[[ Given information, beginning ]]

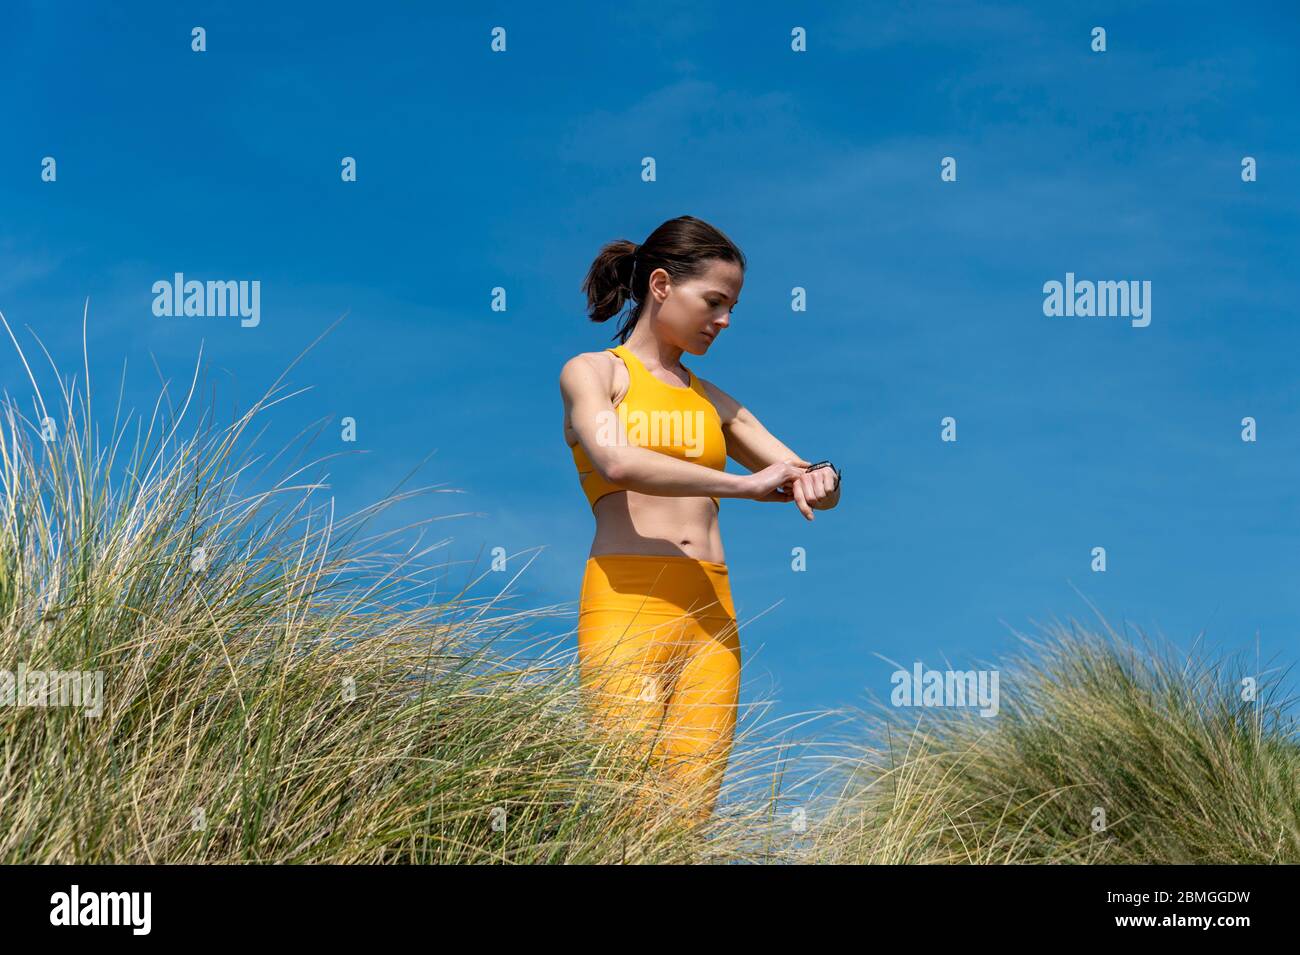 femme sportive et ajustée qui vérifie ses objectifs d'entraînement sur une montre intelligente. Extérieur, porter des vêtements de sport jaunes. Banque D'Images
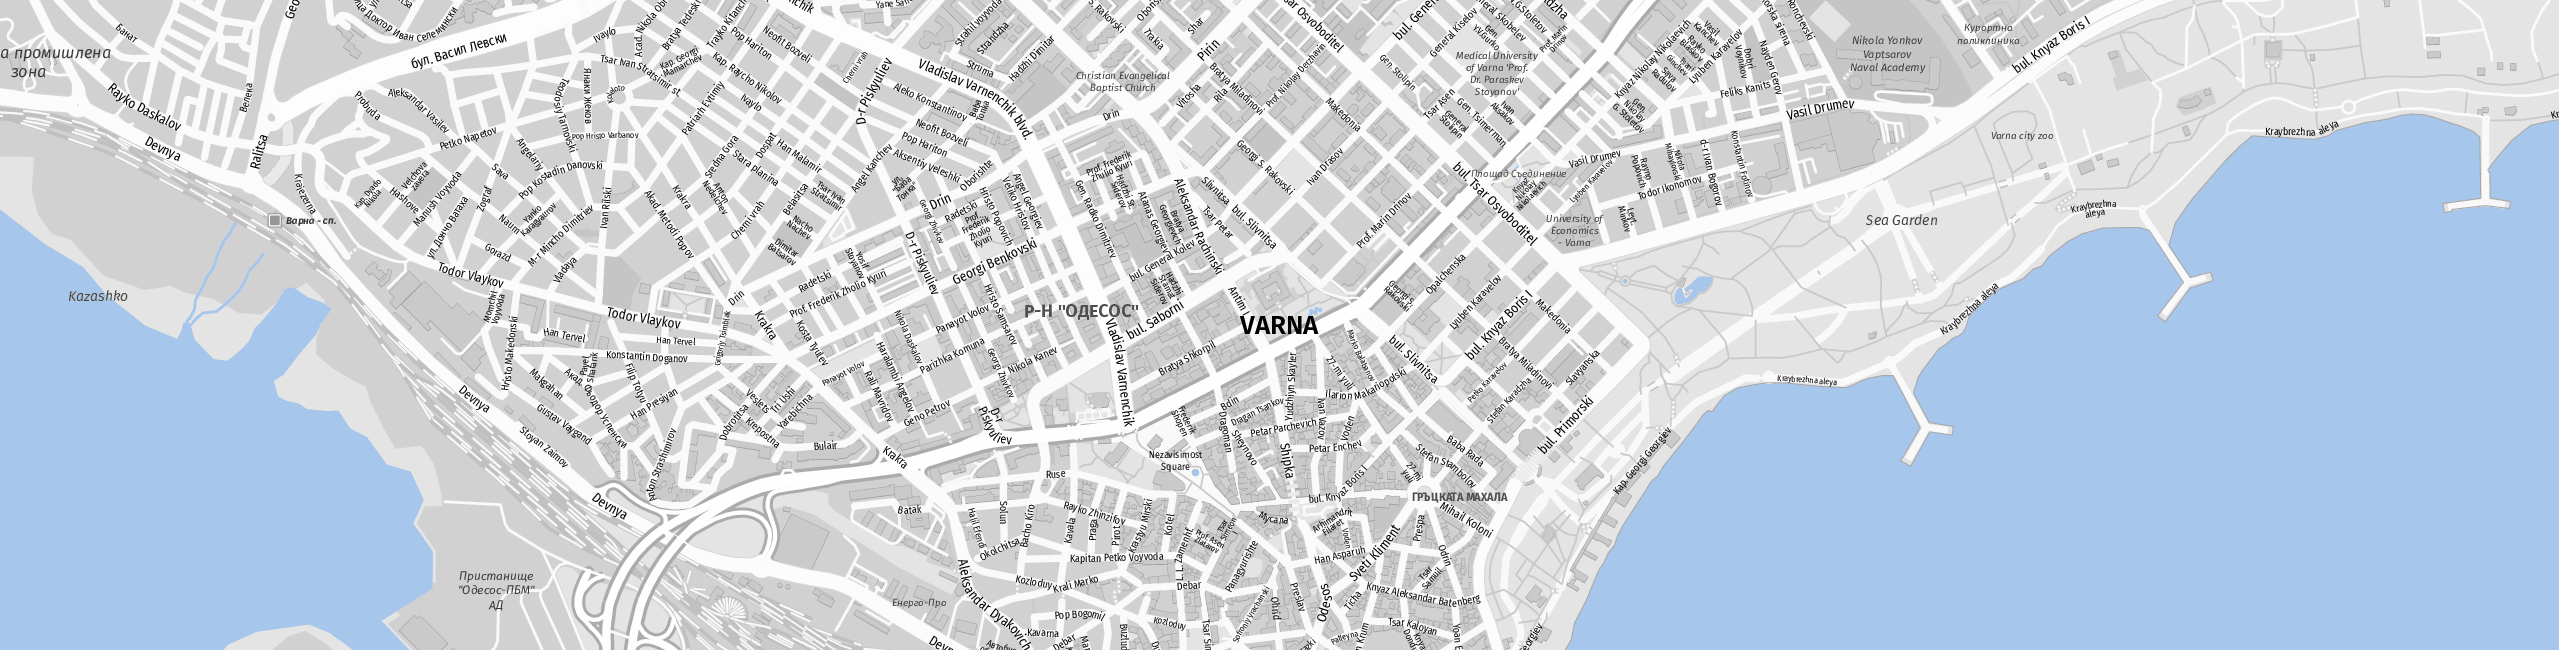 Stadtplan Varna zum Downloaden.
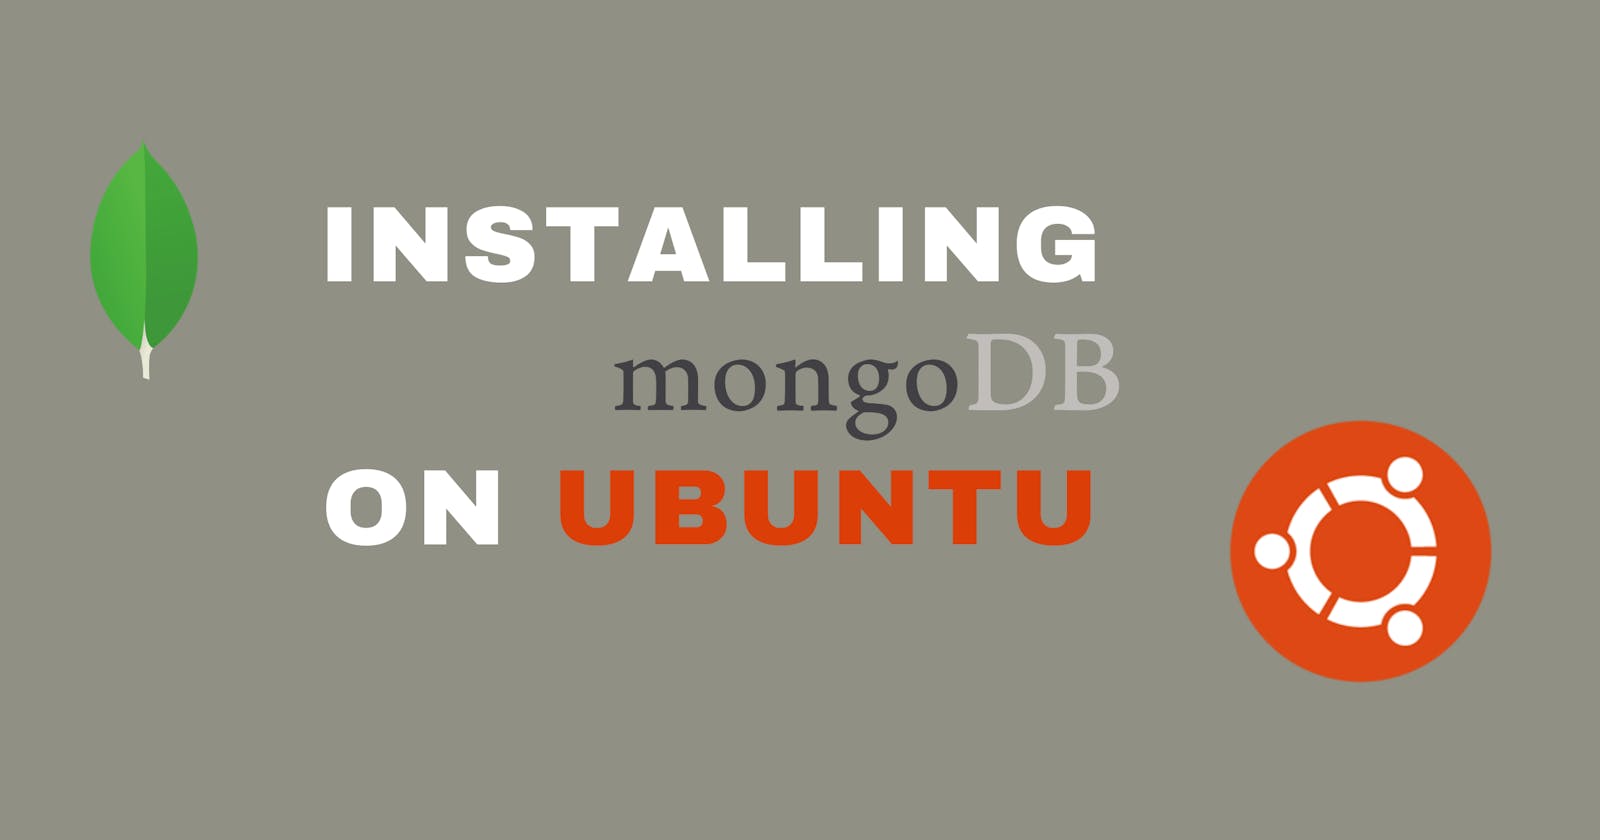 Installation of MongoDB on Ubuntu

[[ Given information, end ]]

» Problem requirements: Would you please transcribe the listing in full, exactly, while omitting the images?

» Result:
 femme sportive et ajustée qui vérifie ses objectifs d'entraînement sur une montre intelligente. Extérieur, porter des vêtements de sport jaunes. Banque D'Images
 Stadtplan Varna zum Downloaden.
 Installation of MongoDB on Ubuntu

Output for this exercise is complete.